A concessão acabou sendo revogada pelo governo guineano, que indicou possuir evidências de que a BSGR obteve os direitos por meio de corrupção. A companhia nega as acusações.

Em janeiro, um tribunal criminal suíço julgou Steinmetz culpado de corrupção e falsificação na obtenção de direitos de exploração de minério de ferro, condenando-o a cinco anos de prisão devido ao acordo fechado pela BSGR pelo projeto. Steinmetz disse que recorreria da decisão.

Em comunicado publicado em outubro, Steinmetz afirmou que executivos da Vale vinham "ocultando de seus acionistas, de maneira fraudulenta, informações sobre os verdadeiros riscos da transação de bilhões de dólares, e divulgando informações falsas nos últimos dez anos sobre os termos sob os quais o acordo foi assinado."
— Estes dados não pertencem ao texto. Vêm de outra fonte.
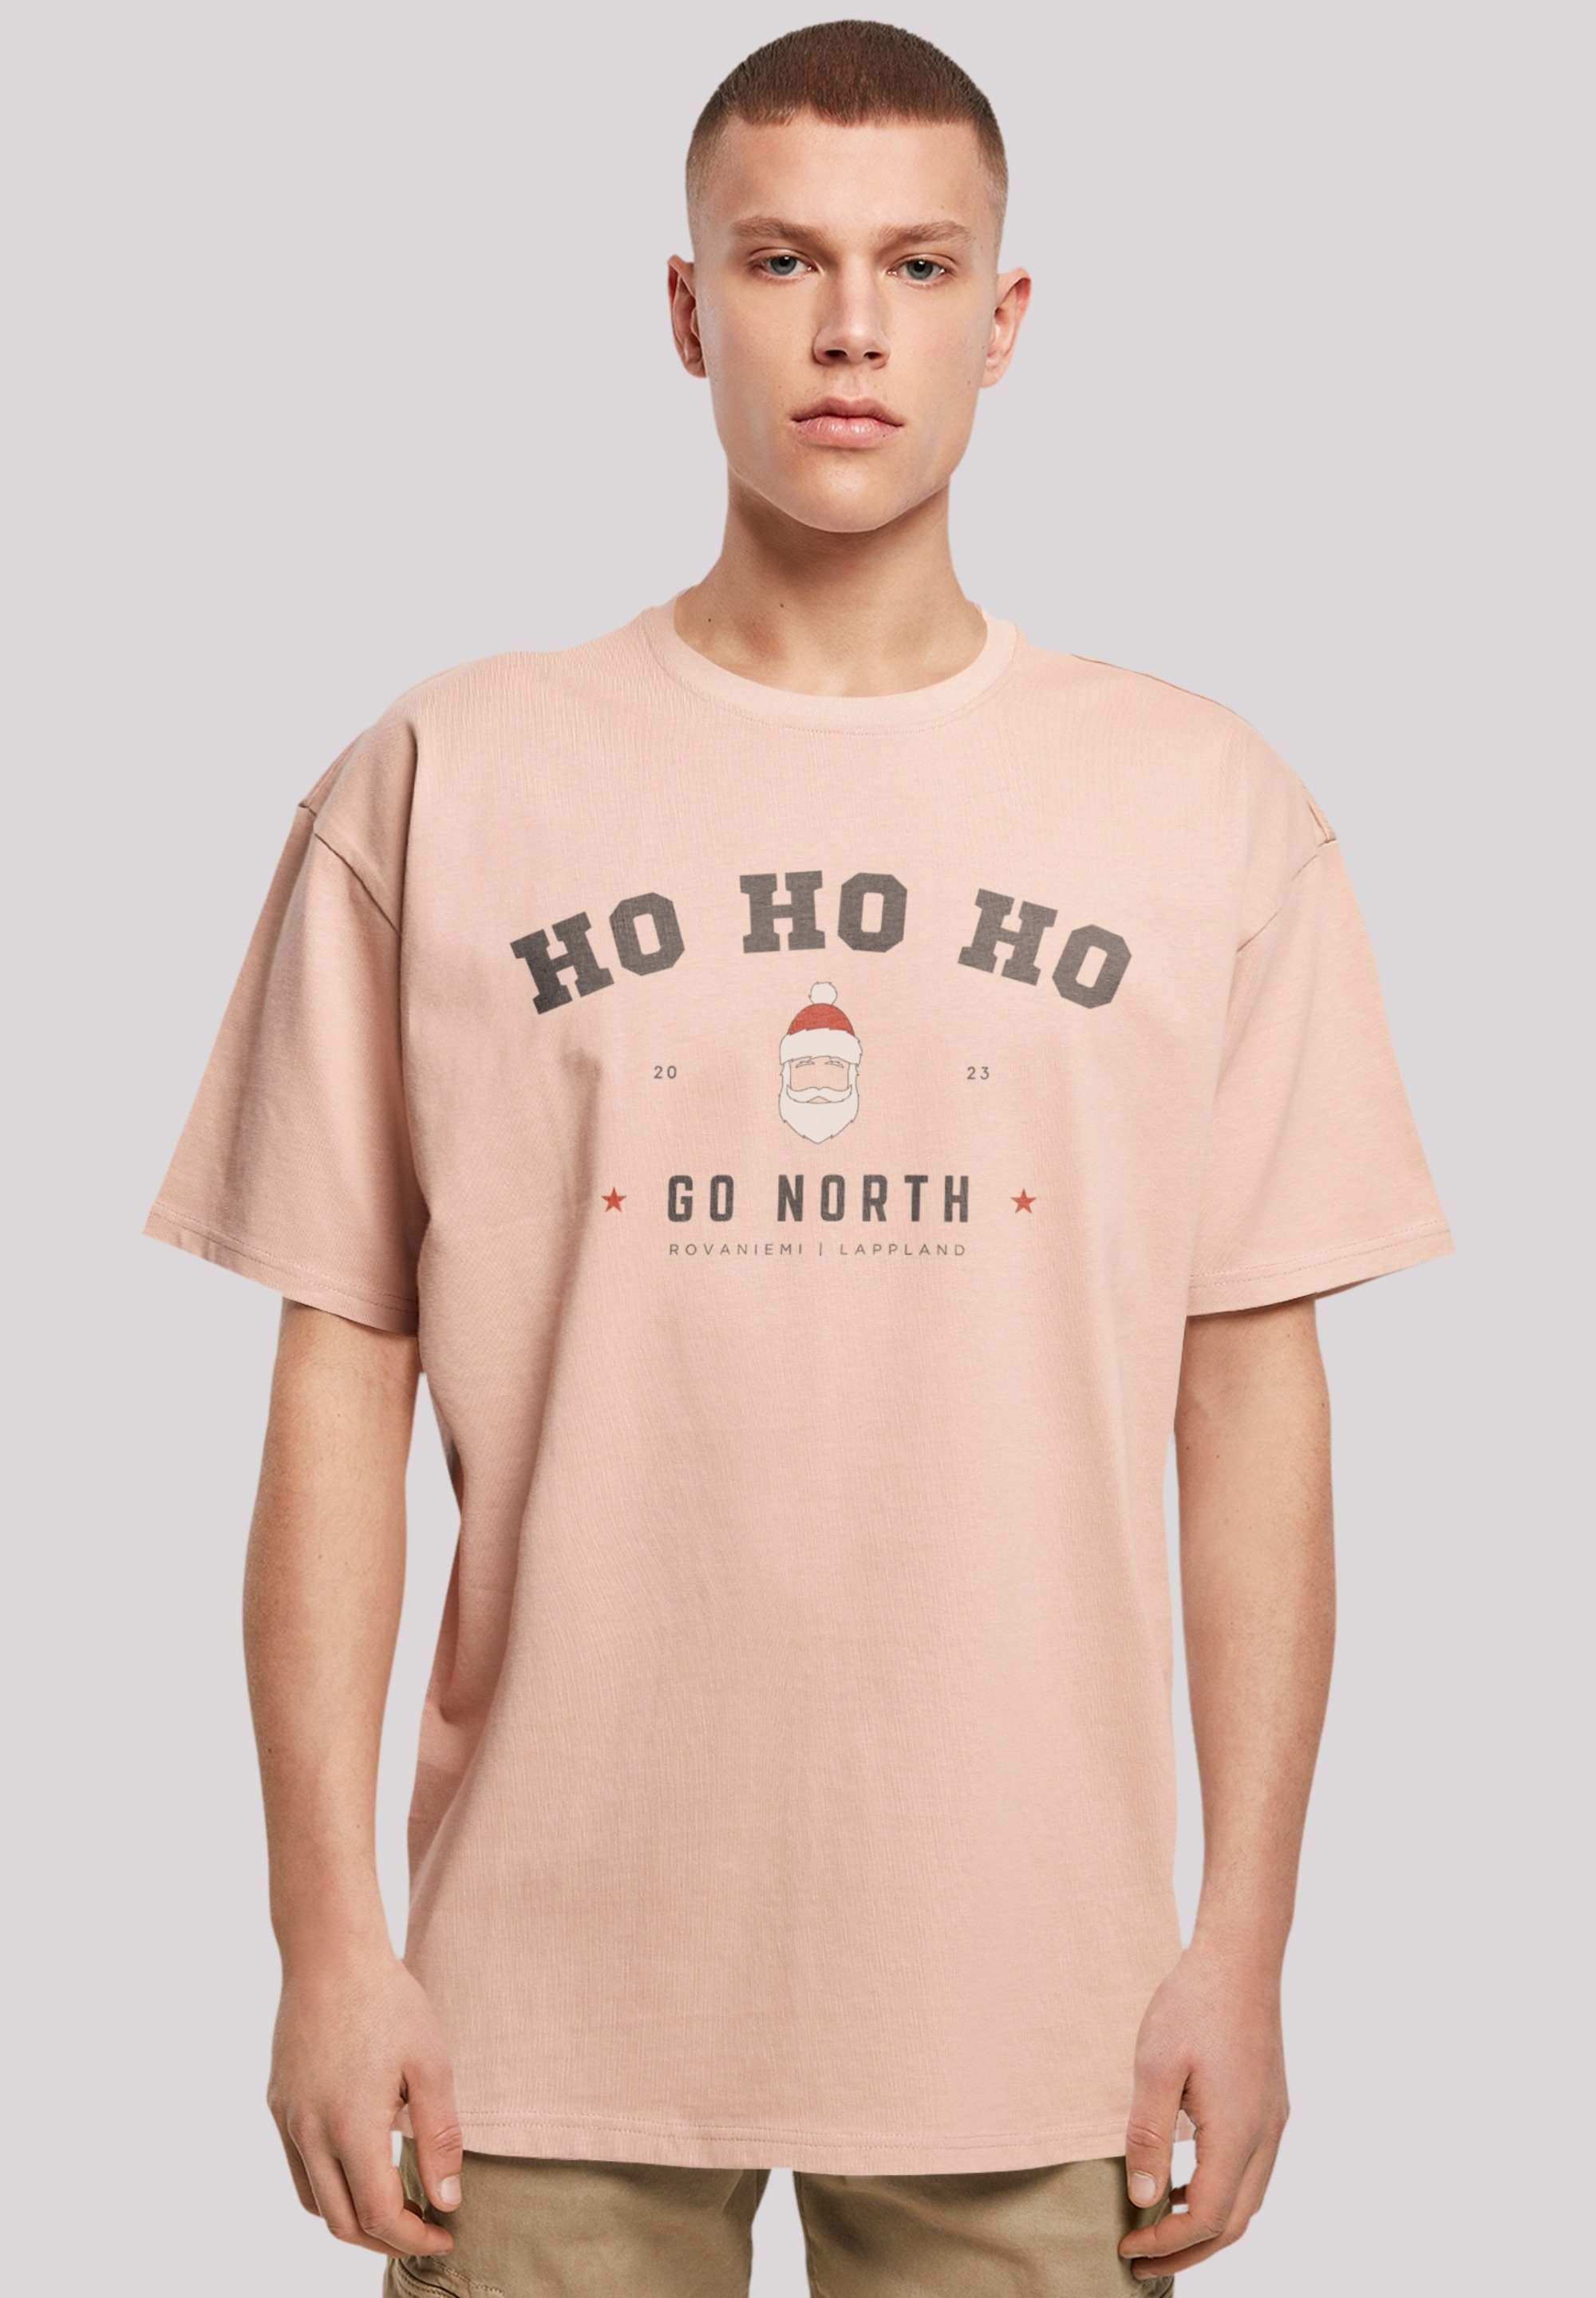 F4NT4STIC T-Shirt Ho Ho Ho Santa Claus Weihnachten Weihnachten, Geschenk, Logo amber

Em um memorando datado de 18 de março e confirmado pela Reuters nesta sexta-feira, o gabinete dos procuradores disse que a polícia vai entrevistar executivos e ex-diretores da Vale como parte do inquérito.

O memorando não especifica os riscos que, segundo Steinmetz, deveriam ter sido divulgados aos acionistas.

O documento, porém, se refere a alegações anteriores da BSGR de que a Vale estaria omitindo fraudulentamente informações relevantes de seus acionistas e divulgando informações falsas sobre as condições de conclusão do negócio.

O memorando diz que, pelas leis brasileiras, esses fatos constituiriam um crime.

A Reuters não possui evidências independentes que sustentem ou refutem isso.

Em nota enviada à Reuters, a Vale disse que "não possui qualquer conhecimento do referido inquérito".

"Qualquer novo intento do Sr. Steinmetz de tentar se furtar de sua responsabilidade de indenizar a Vale certamente terá o mesmo desfecho das condenações que já lhe foram impostas", acrescentou a empresa.

"O Sr. Steinmetz também responderá civil e criminalmente pelas suas manobras falaciosas."

Steinmetz não estava imediatamente disponível para comentários.

A BSGR ainda tenta reabrir um caso arbitral em Londres, que a condenou ao pagamento de 1,25 bilhão de dólares à Vale pelo investimento em Simandou. A Vale acusou a BSGR de induzi-la, de maneira fraudulenta, a adquirir uma fatia de 51% da mina.

A BSGR entrou em administração judicial em 2018, visando se proteger de disputas legais.